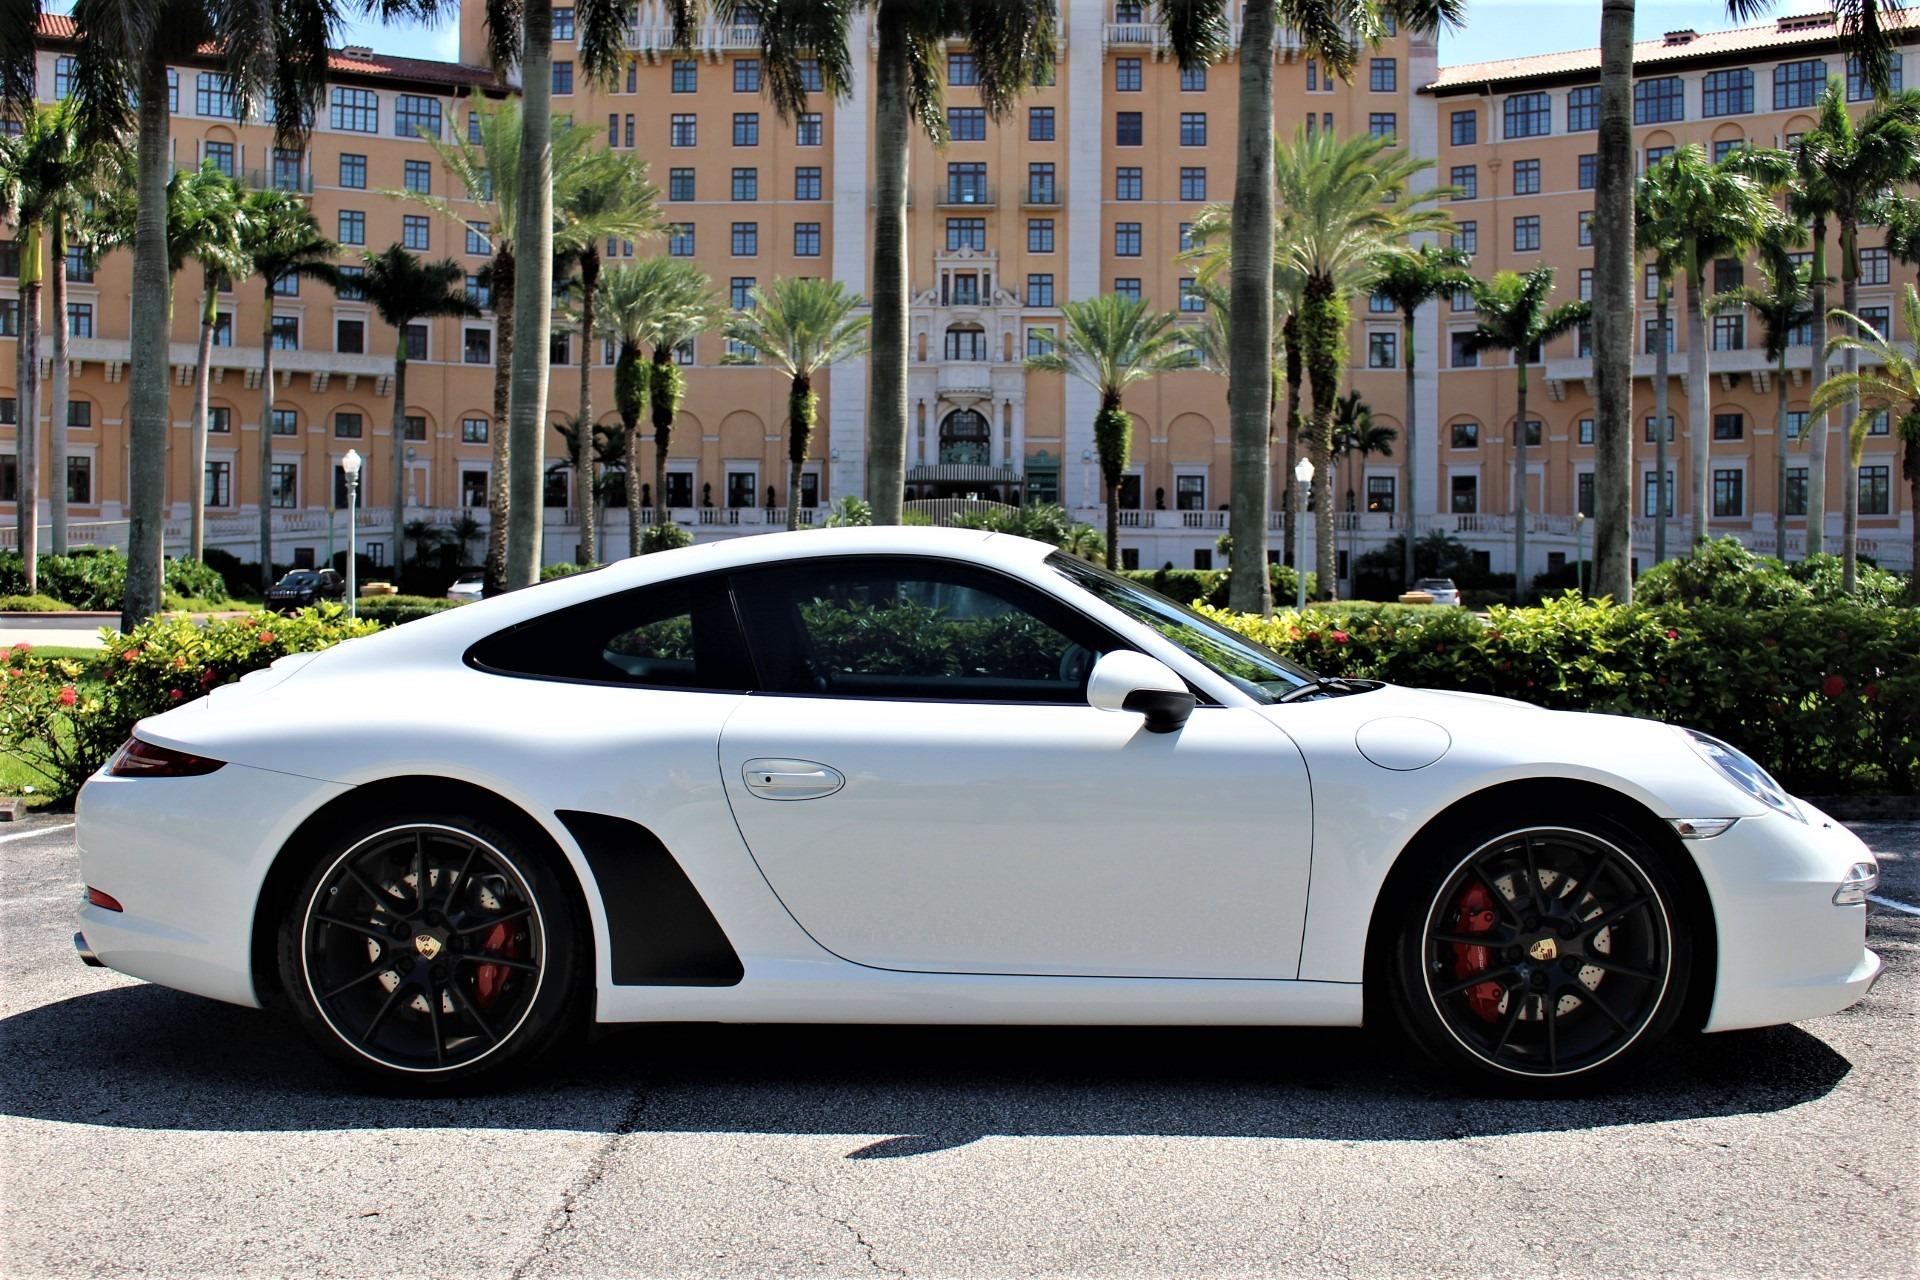 Used 2013 Porsche 911 Carrera S for sale $67,850 at The Gables Sports Cars in Miami FL 33146 1
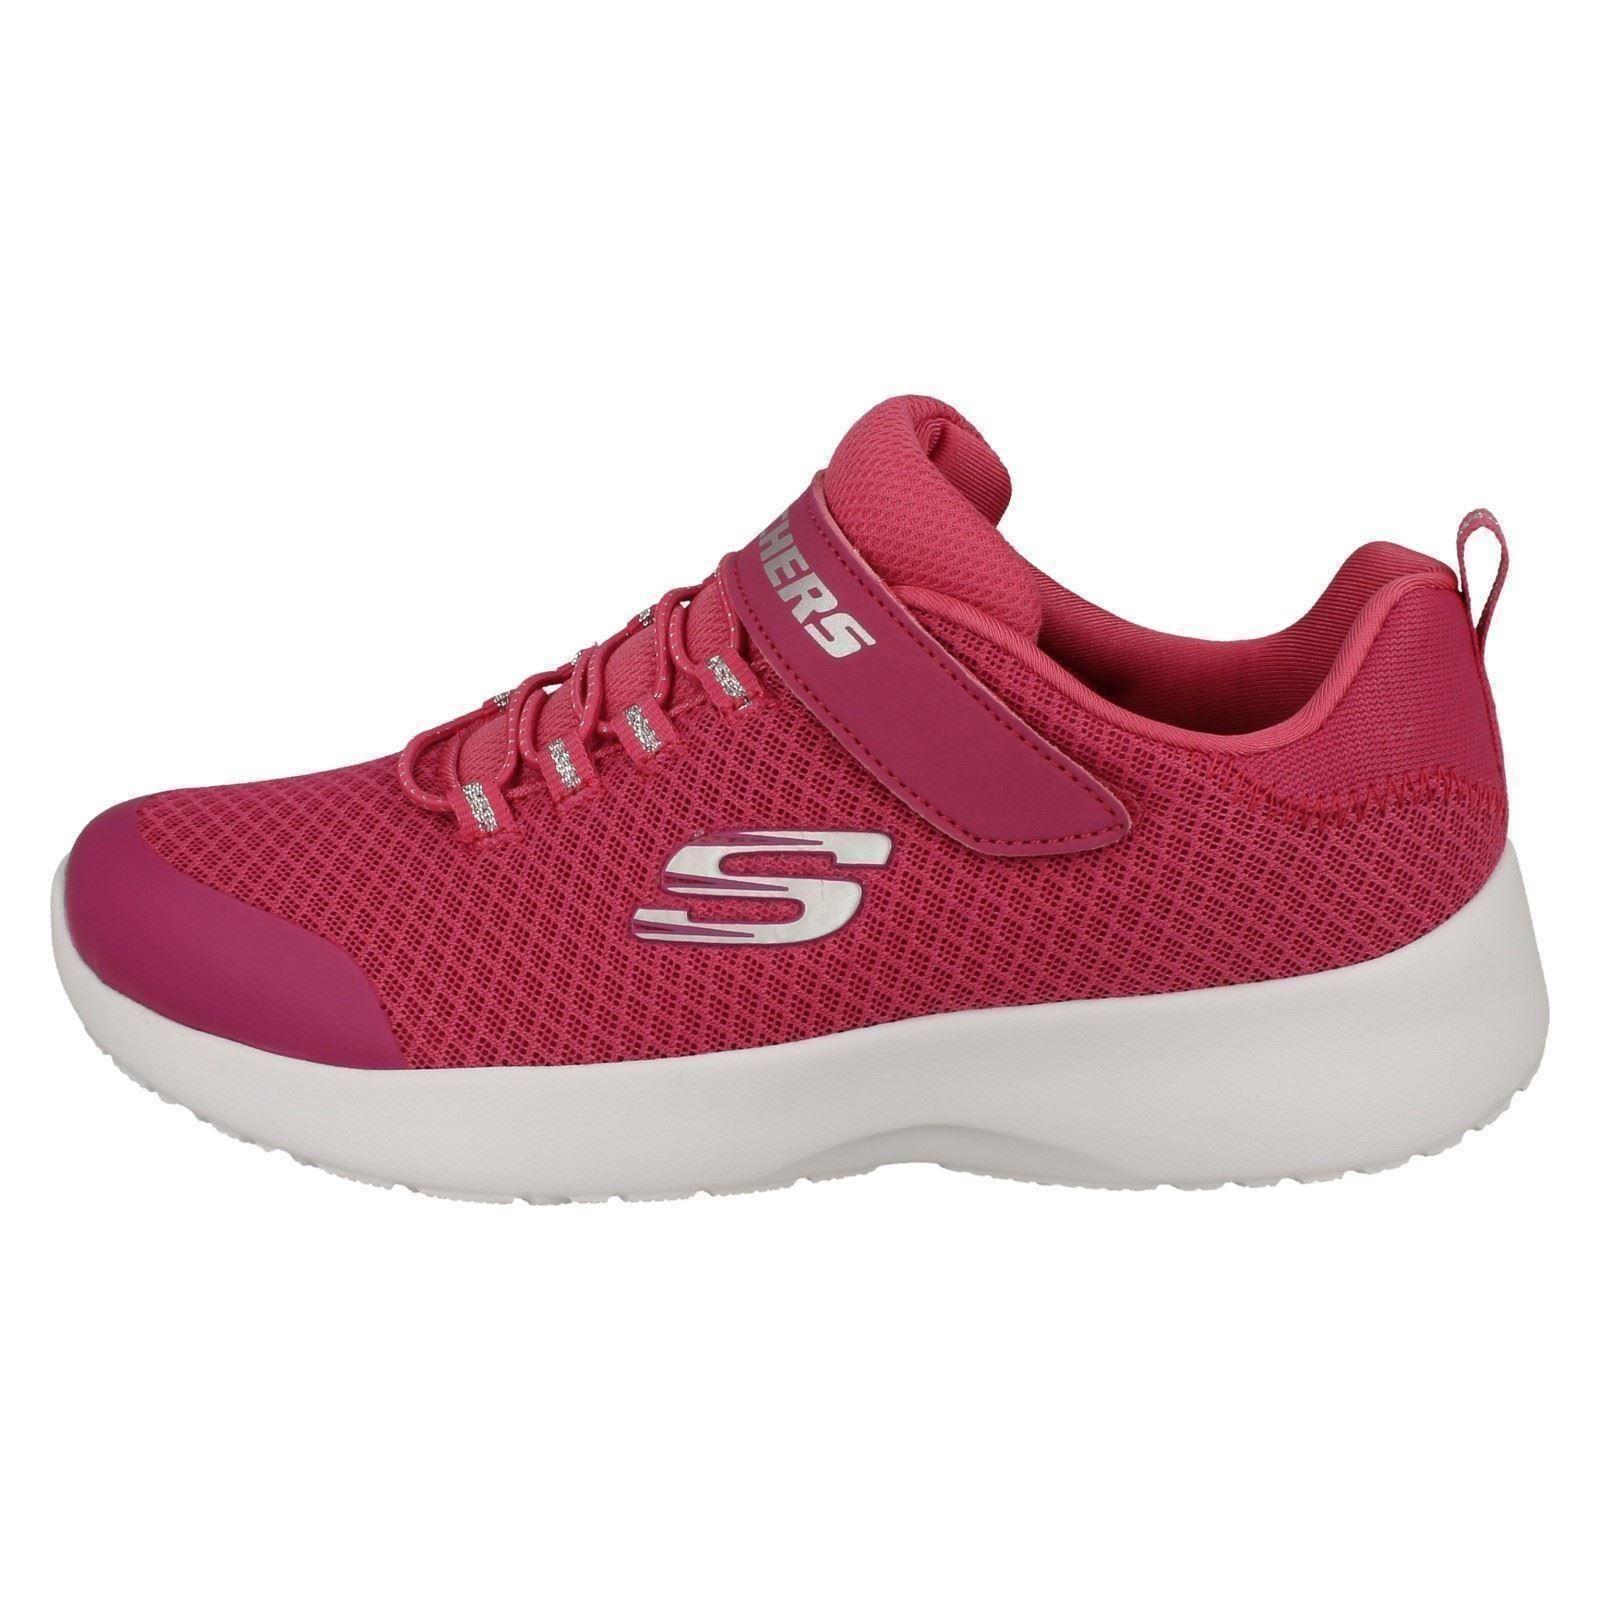 81301 Pink8fd9cdd8f4db2bd633174a12abc58066 Racer Skechers Mädchen SportschuheRally 6IYb7fgyv
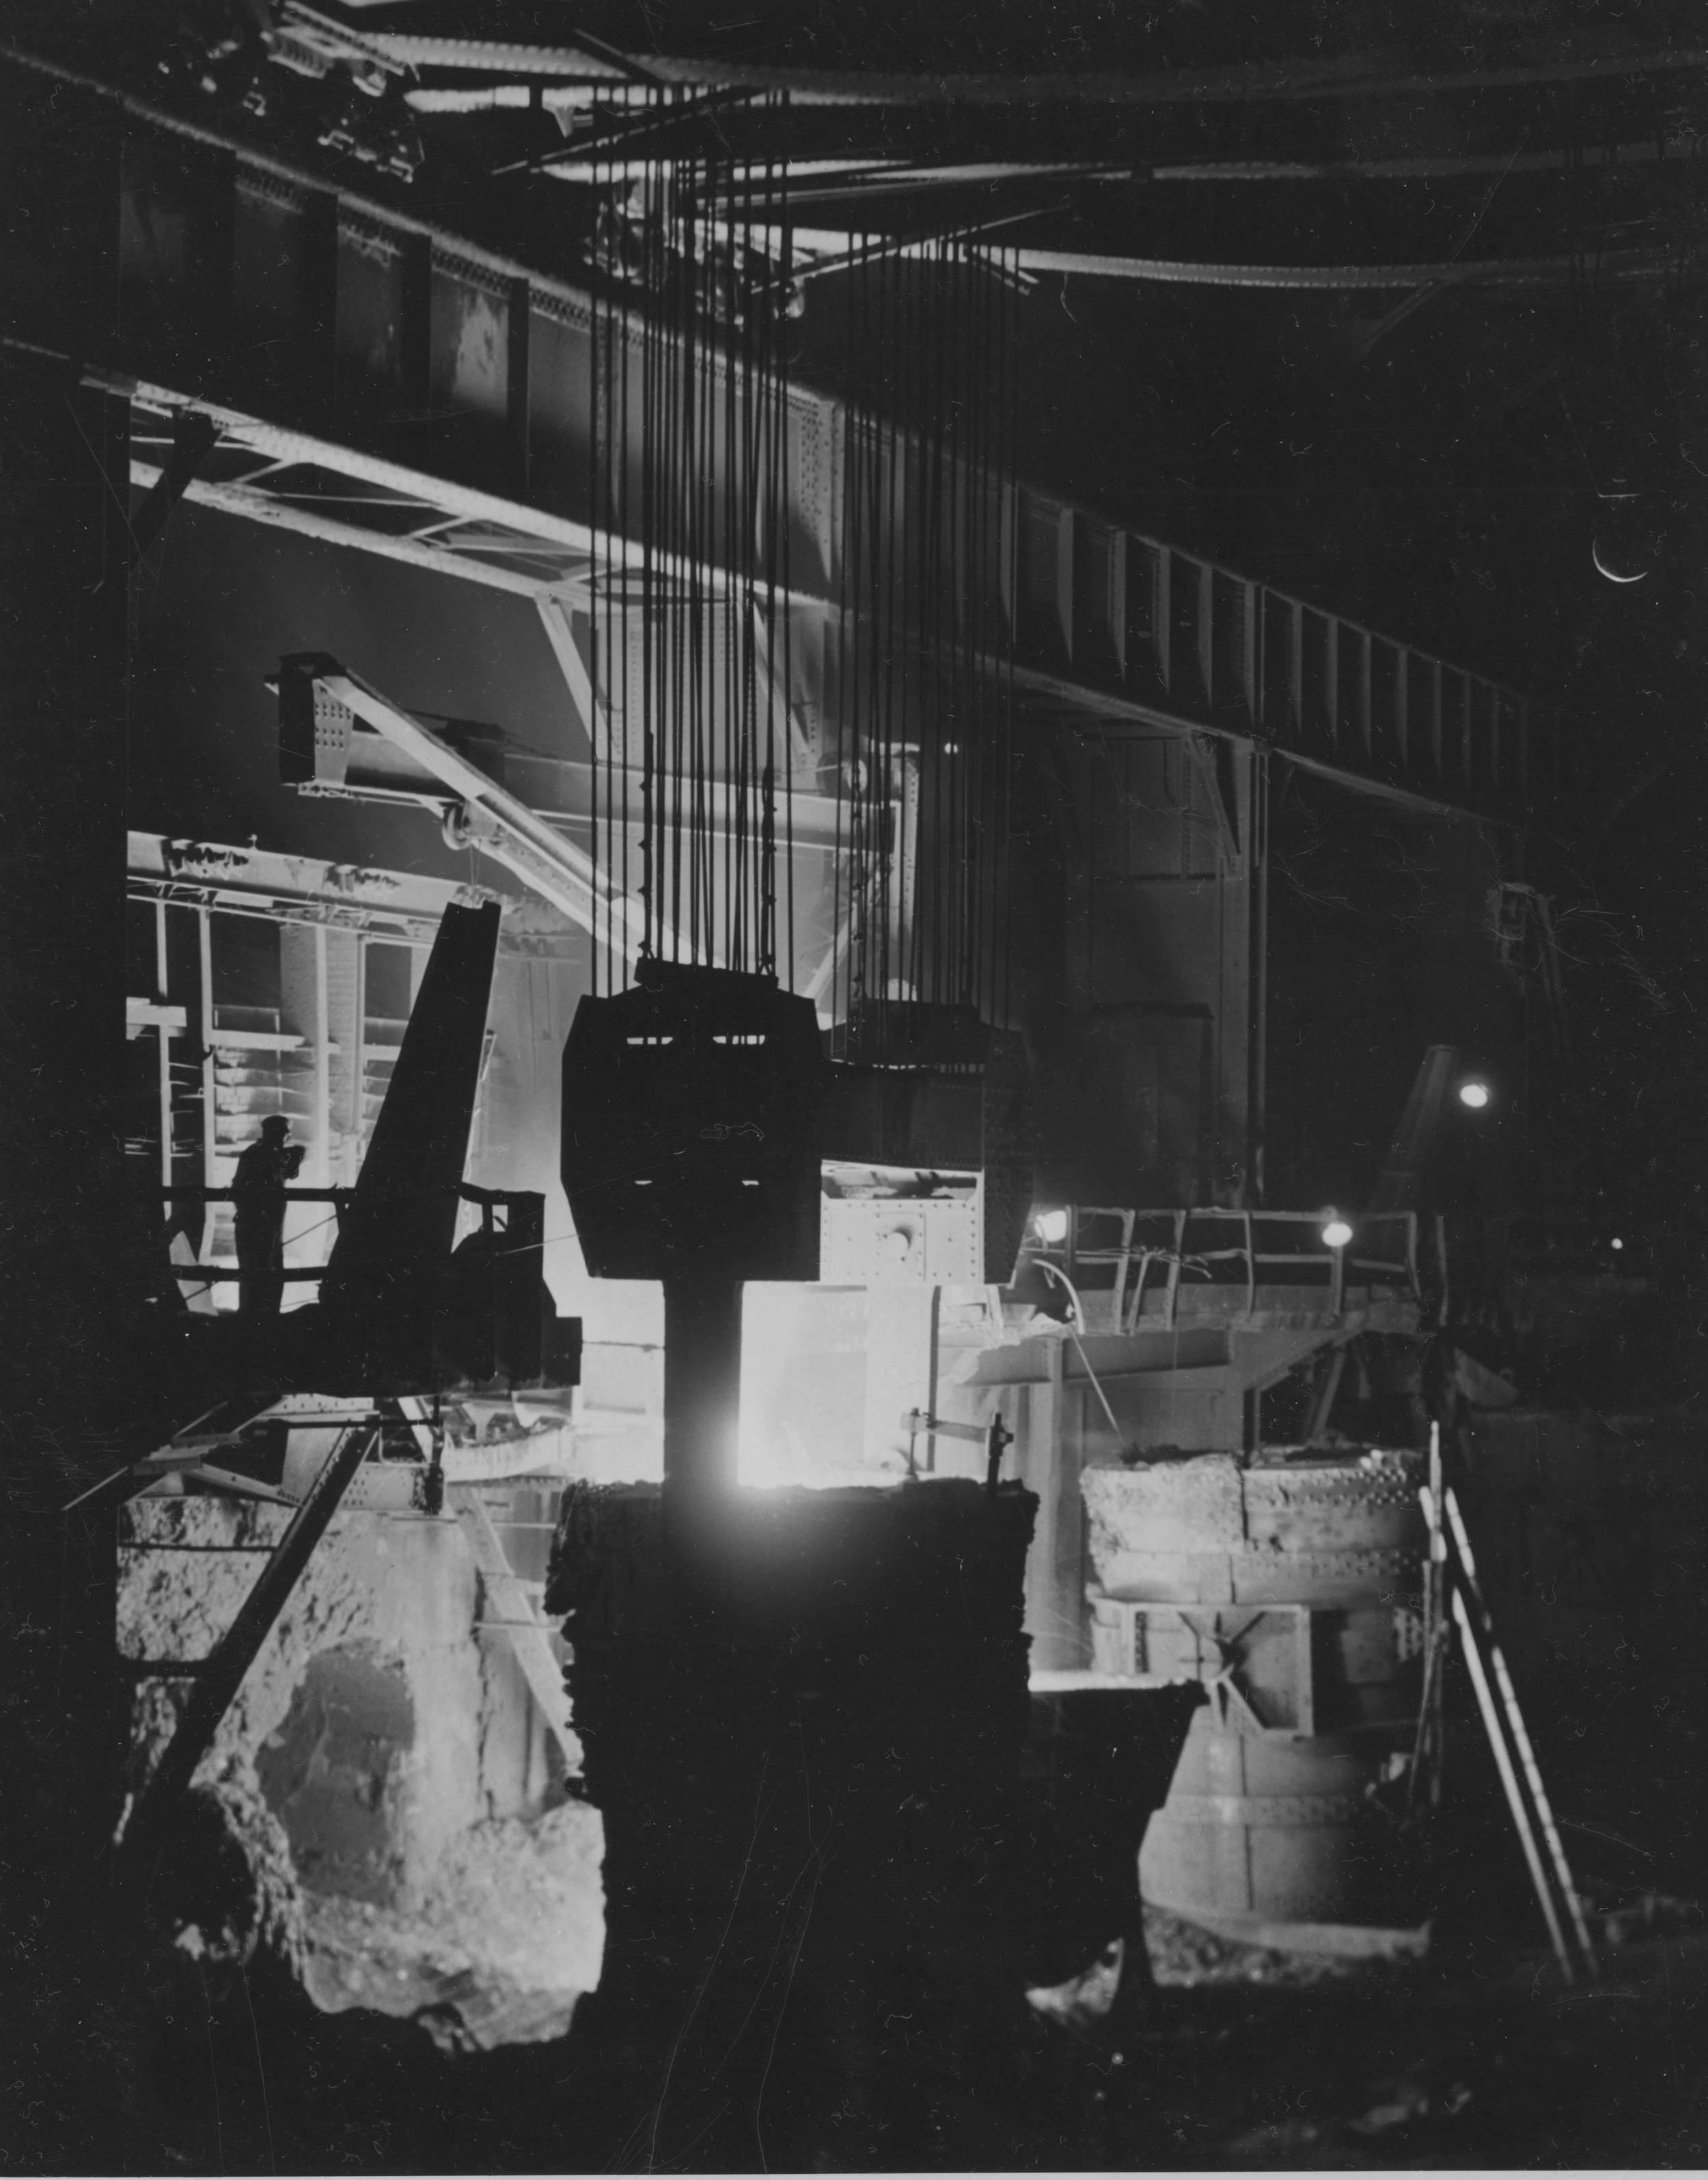 Jones_and_Laughlin_Steel_1949.jpg
--
Please write the data out again exactly, but do not carry over the pictures.

 Used 2013 Porsche 911 Carrera S for sale $67,850 at The Gables Sports Cars in Miami FL 33146 1
 81301 Pink8fd9cdd8f4db2bd633174a12abc58066 Racer Skechers Mädchen SportschuheRally 6IYb7fgyv
 Jones_and_Laughlin_Steel_1949.jpg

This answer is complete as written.